Signed-off-by: Ruili Ji <ruiliji2 at amd.com>
Signed-off-by: Aaron Liu <aaron.liu at amd.com>
Reviewed-by: Alex Deucher <alexander.deucher at amd.com>
To ensure debugger is consistent with other checks.
Thanks,
Jon
> -----Original Message-----
> From: Kim, Jonathan <Jonathan.Kim at amd.com>
> Sent: Friday, July 14, 2023 5:38 AM
> To: amd-gfx at lists.freedesktop.org
> Cc: Kuehling, Felix <Felix.Kuehling at amd.com>; Kim, Jonathan
> <Jonathan.Kim at amd.com>
> Subject: [PATCH 1/2] drm/amdkfd: fix trap handling work around for
> debugging
>
> Update the list of devices that require the cwsr trap handling
> workaround for debugging use cases.
>
> Signed-off-by: Jonathan Kim <jonathan.kim at amd.com>
> ---
> drivers/gpu/drm/amd/amdkfd/kfd_debug.c | 5 ++---
> drivers/gpu/drm/amd/amdkfd/kfd_debug.h | 6 ++++++
> drivers/gpu/drm/amd/amdkfd/kfd_device_queue_manager.c | 6 ++----
> 3 files changed, 10 insertions(+), 7 deletions(-)
>
> diff --git a/drivers/gpu/drm/amd/amdkfd/kfd_debug.c
> b/drivers/gpu/drm/amd/amdkfd/kfd_debug.c
> index 190b03efe5ff..ccfc81f085ce 100644
> --- a/drivers/gpu/drm/amd/amdkfd/kfd_debug.c
> +++ b/drivers/gpu/drm/amd/amdkfd/kfd_debug.c
> @@ -302,8 +302,7 @@ static int kfd_dbg_set_queue_workaround(struct
> queue *q, bool enable)
> if (!q)
> return 0;
>
> - if (KFD_GC_VERSION(q->device) < IP_VERSION(11, 0, 0) ||
> - KFD_GC_VERSION(q->device) >= IP_VERSION(12, 0, 0))

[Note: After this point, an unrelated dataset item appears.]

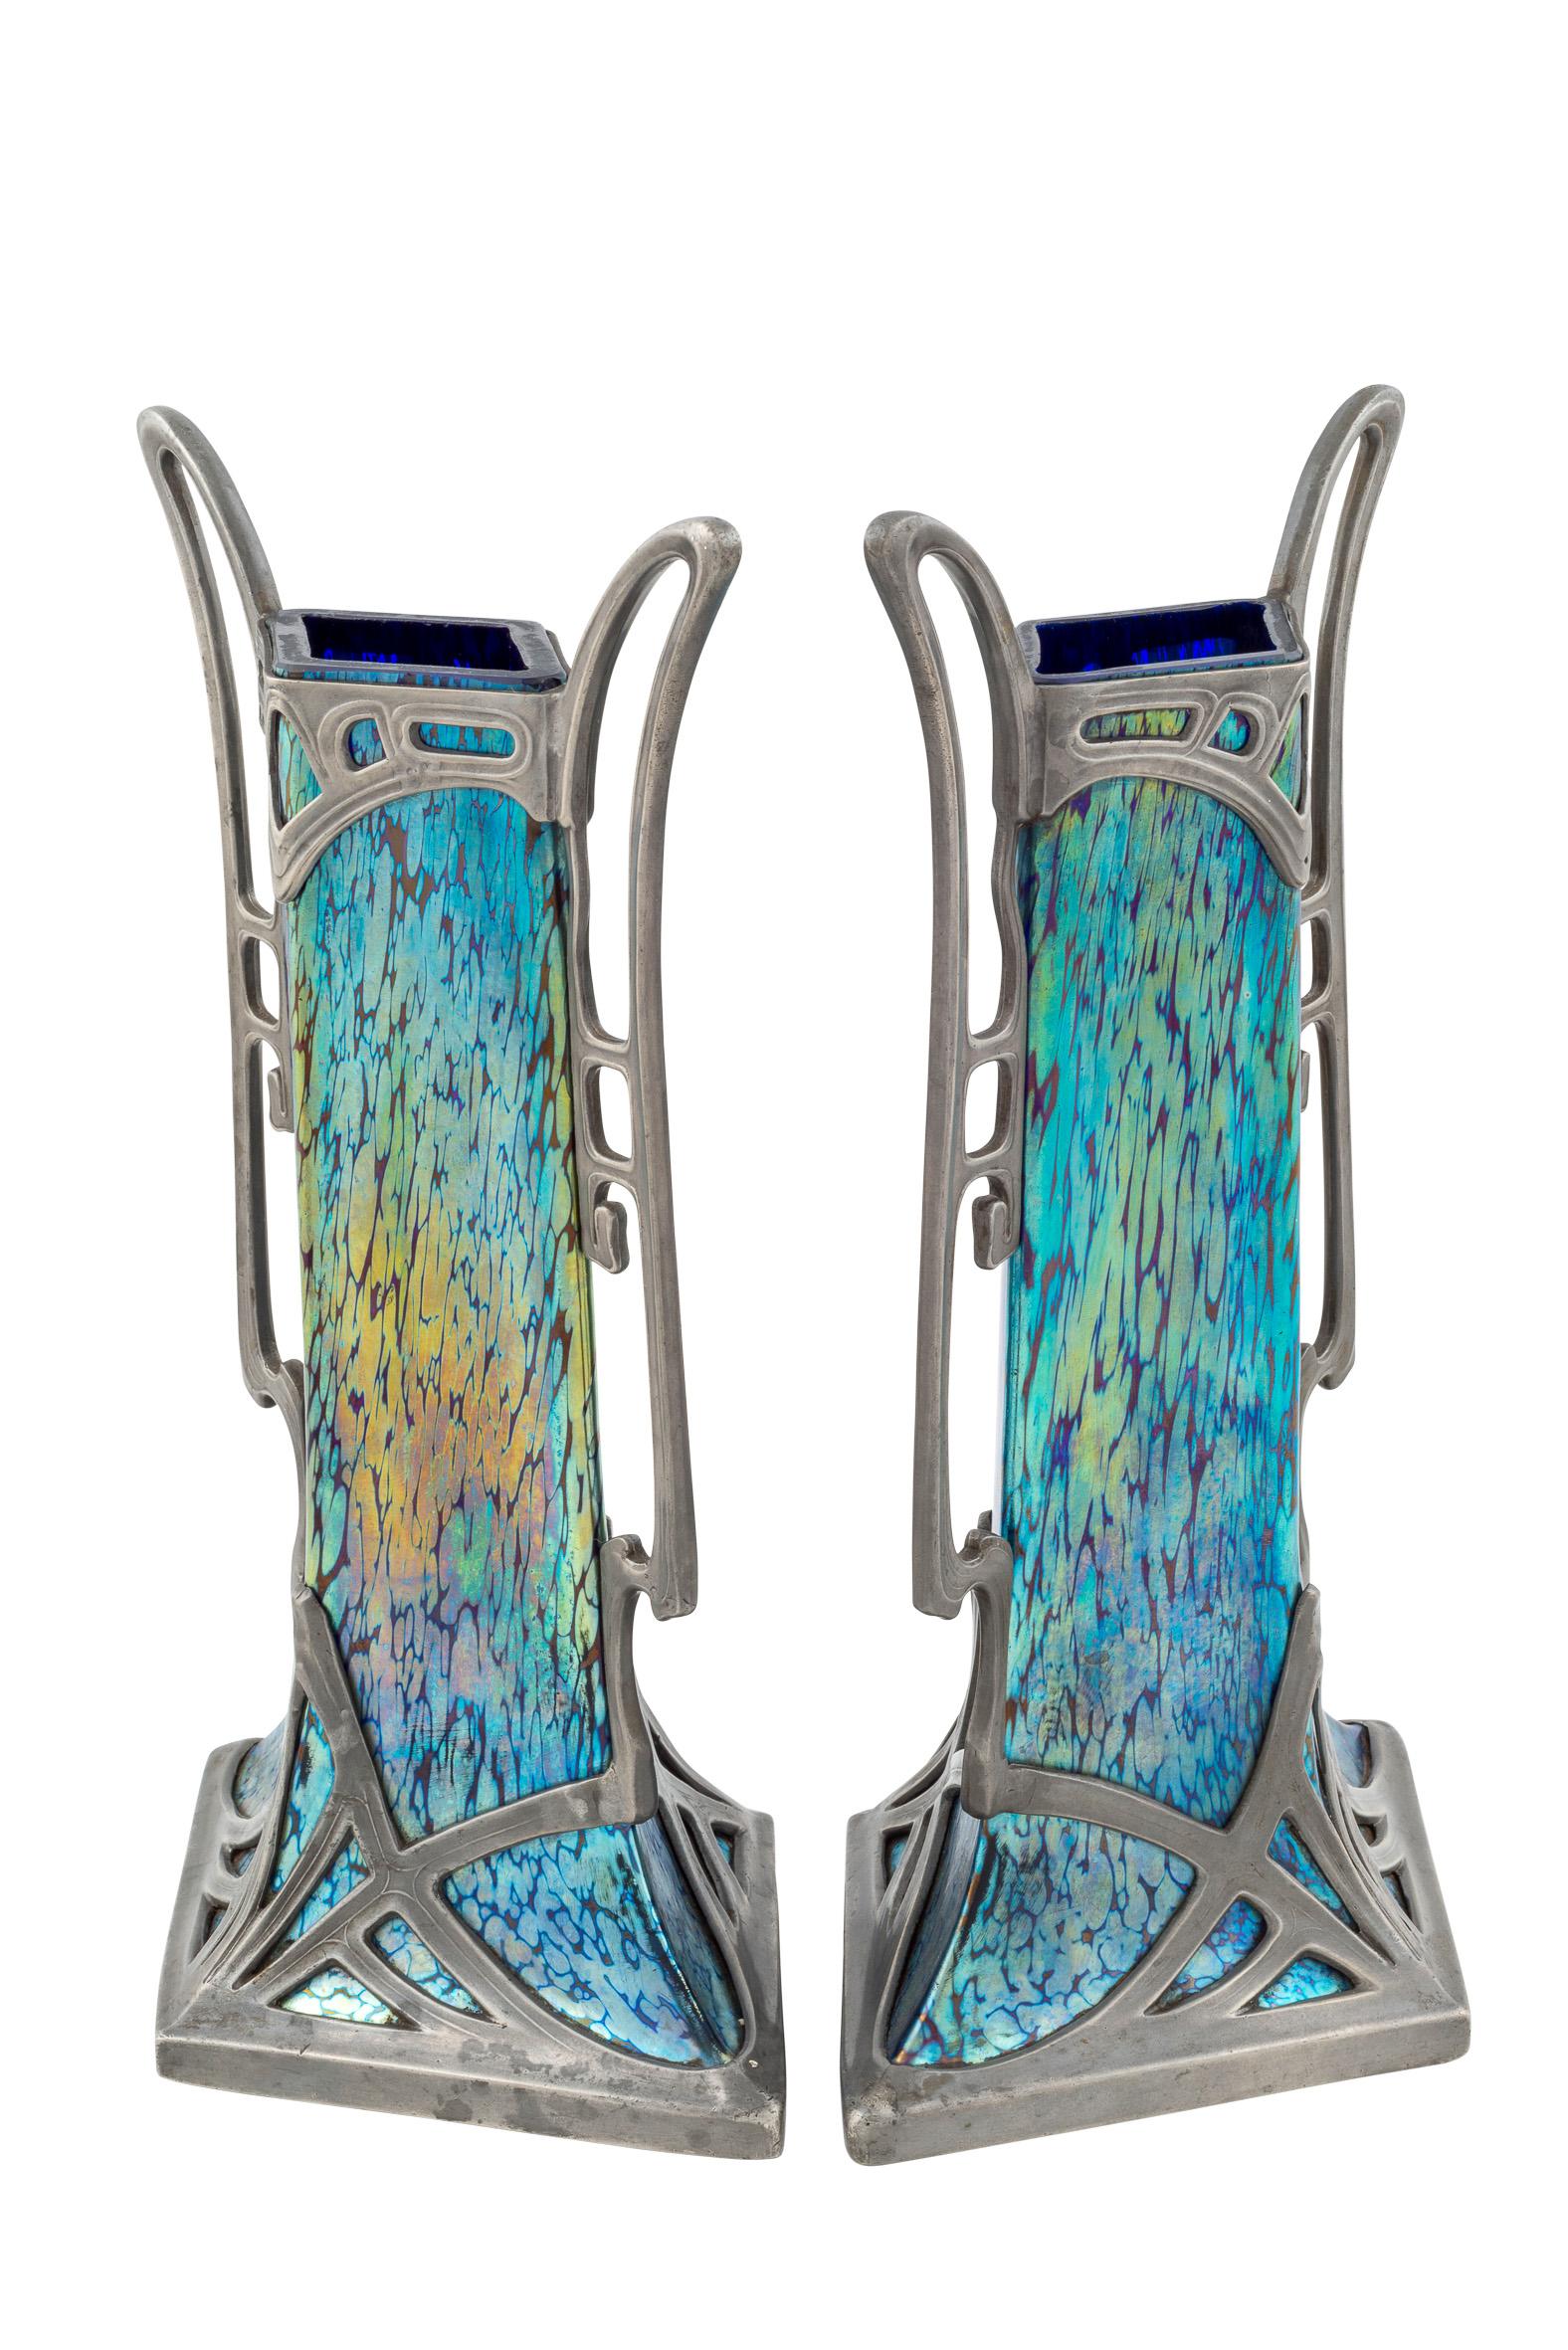 Austrian Jugendstil pair of glass vases blue with Tin Mounting from Arndt & Marcus Berlin circa 1902 Loetz Cobalt Papillon Decoration 

This pair of vases with the Cobalt Papillon decoration is an outstanding example of the incredible range of

> + if (!kfd_dbg_has_cwsr_workaround(q->device))
> return 0;
>
> if (enable && q->properties.is_user_cu_masked) @@ -349,7 +348,7
> @@ int kfd_dbg_set_mes_debug_mode(struct kfd_process_device *pdd) {
> uint32_t spi_dbg_cntl = pdd->spi_dbg_override | pdd-
> >spi_dbg_launch_mode;
> uint32_t flags = pdd->process->dbg_flags;
> - bool sq_trap_en = !!spi_dbg_cntl;
> + bool sq_trap_en = !!spi_dbg_cntl ||
> !kfd_dbg_has_cwsr_workaround(pdd->dev);
>
> if (!kfd_dbg_is_per_vmid_supported(pdd->dev))
> return 0;
> diff --git a/drivers/gpu/drm/amd/amdkfd/kfd_debug.h
> b/drivers/gpu/drm/amd/amdkfd/kfd_debug.h
> index ba616ed17dee..586d7f886712 100644
> --- a/drivers/gpu/drm/amd/amdkfd/kfd_debug.h
> +++ b/drivers/gpu/drm/amd/amdkfd/kfd_debug.h
> @@ -101,6 +101,12 @@ static inline bool
> kfd_dbg_is_rlc_restore_supported(struct kfd_node *dev)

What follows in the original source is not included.